We have previously proved that the gas coning height thus the decline in production rate is linked to formation damage due to Asphaltene deposition. The mathematical model was carried out to estimate the gas coning height was based on a couple of publications developed by Leontarakis  and Wang and Civan .
Assuming that the flow rate is kept constant and the bottom hole flowing pressure decreases below the Asphaltene onset pressure, but reservoir pressure is more than the onset of Asphaltene pressure. By using the Eq. (8) the pressure drop is calculated then the amount of the gas coning height can be obtained from Eq.(11) by using Eq. (8) that is evident in Figure 5. The profiles are evaluated for production time 48, 96, 192, 348 and 1000 hours at constant production rate.
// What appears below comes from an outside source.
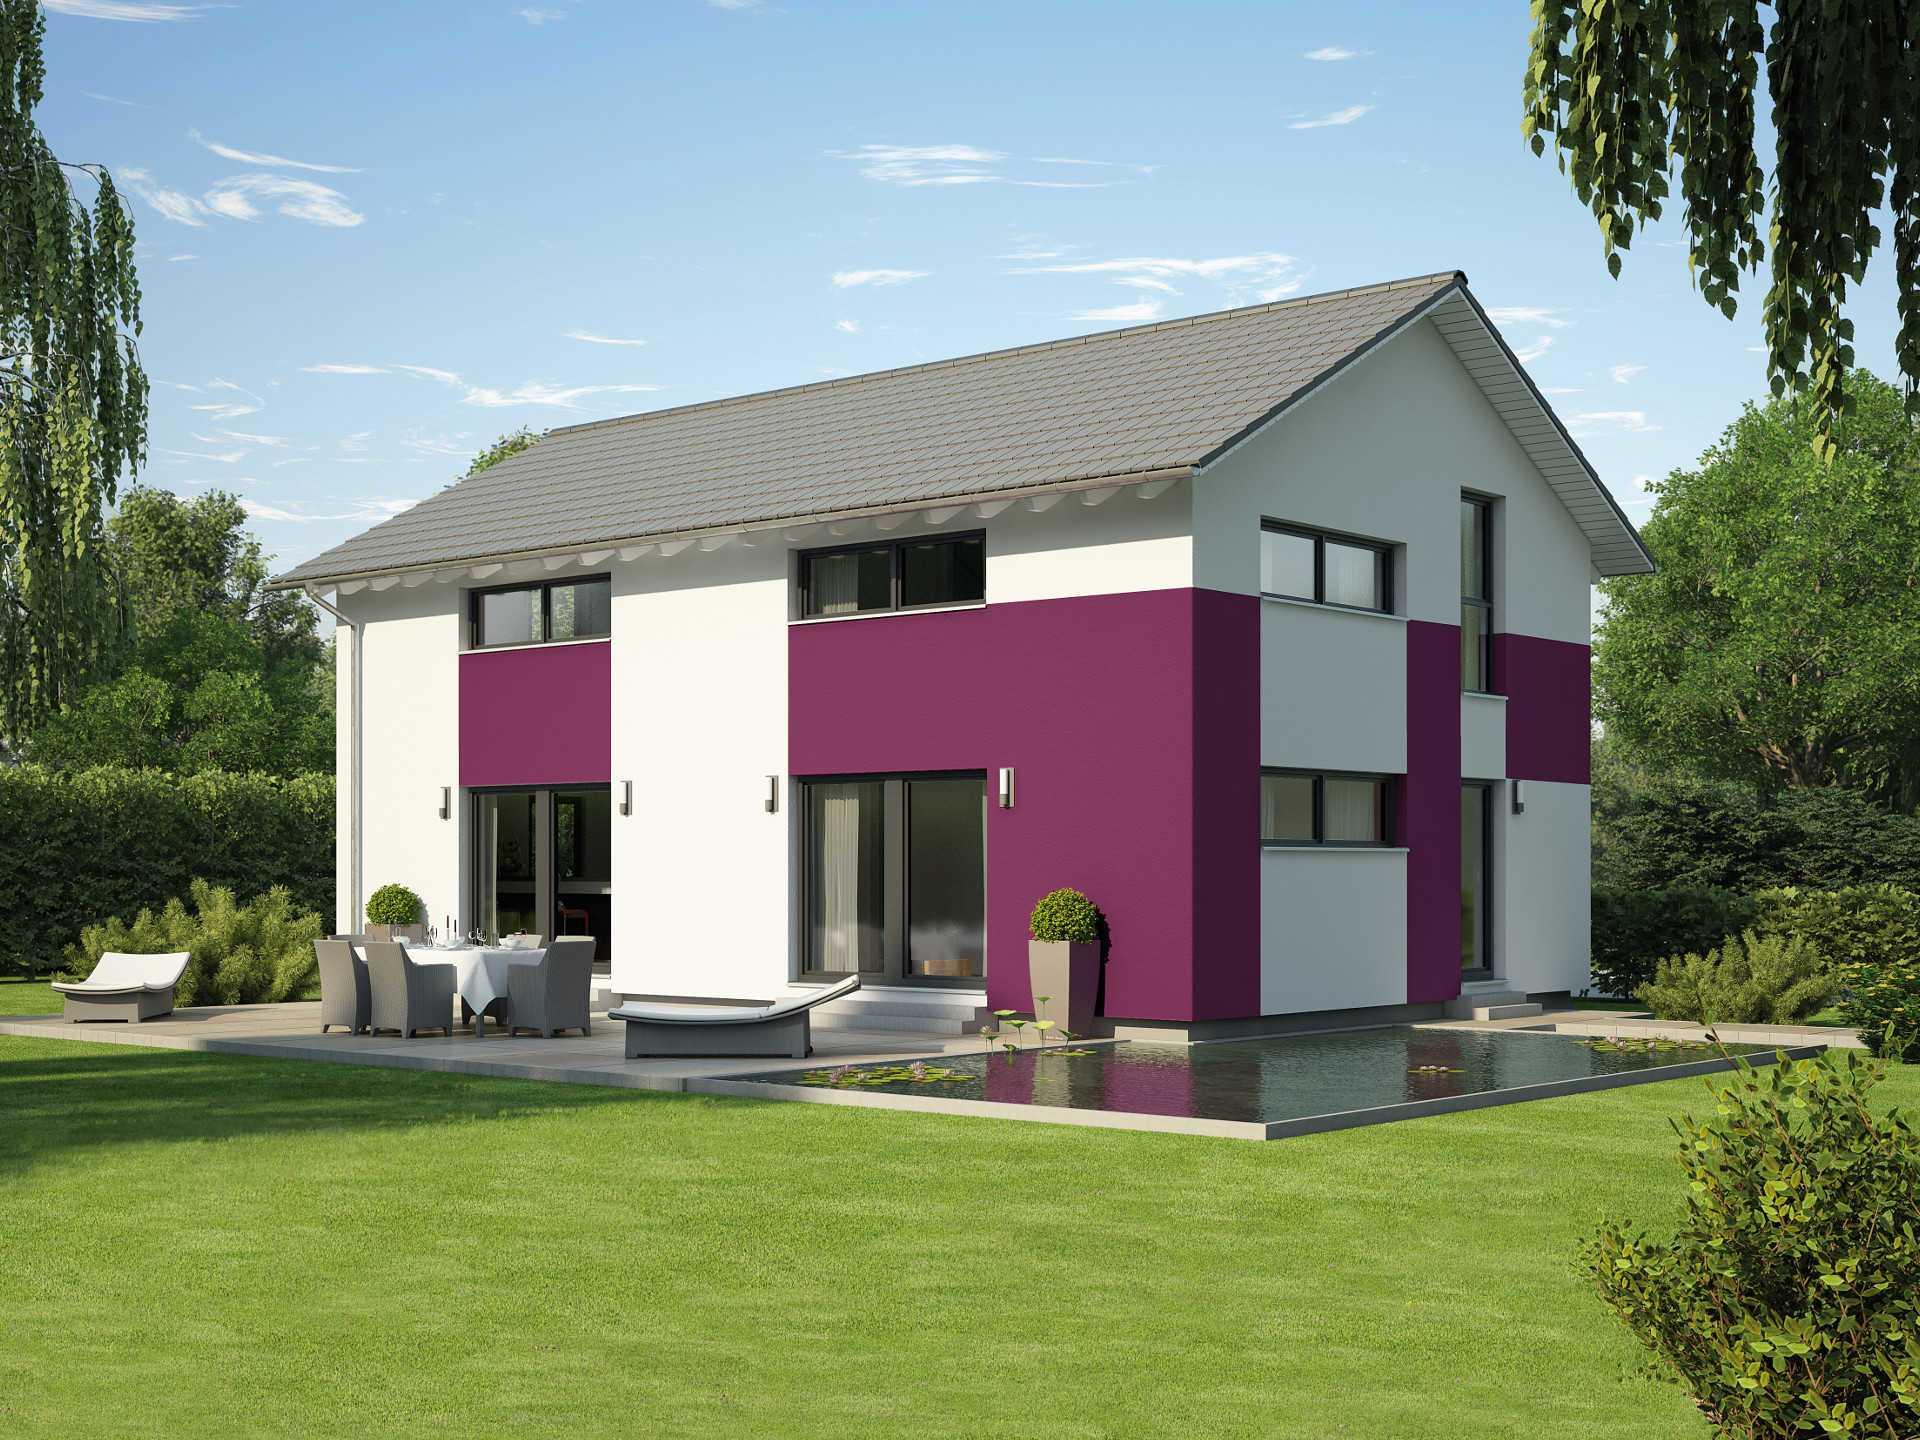 Hausentwurf satteldachhaus okal haus for Moderner baustil einfamilienhaus

The results show that at the well- bore the gas coning height is significantly increases because the formation damage caused by Asphaltene deposition over time is severe near the well-bore but in the region r>18ft as long as the flow rate remains constant porosity, permeability, and pressure profiles remain unchanged with time then gas-oil contact (GOC) advancement is kept constant.
Figure 5: Gas coning height profile at different production times
Figure 6: Gas coning height profile at different production times.
In this paper is assumed that the production rate declines rapidly from about 4000 to 100 Bbl/day because of Asphaltene deposition. The gas coning height as function of movable gas-oil contact is illustrated in Figure 6 with the Eq. (11) for production times 100, 200, 400, 600and 1000 days to study the effect of different flow rate on gas coning. as mention before, when pressure in the whole reservoir decreases then GOC advances due to the compressibility of gas reservoir but more Asphaltene deposition leads to the additional pressure drop and eventually increased tendency to gas coning in the near well-bore region unless as seen in the Figure 6 the production rate of the well is decreased to extravagantly low values, then gas coning height will reduce but this is not favor of reservoir engineers.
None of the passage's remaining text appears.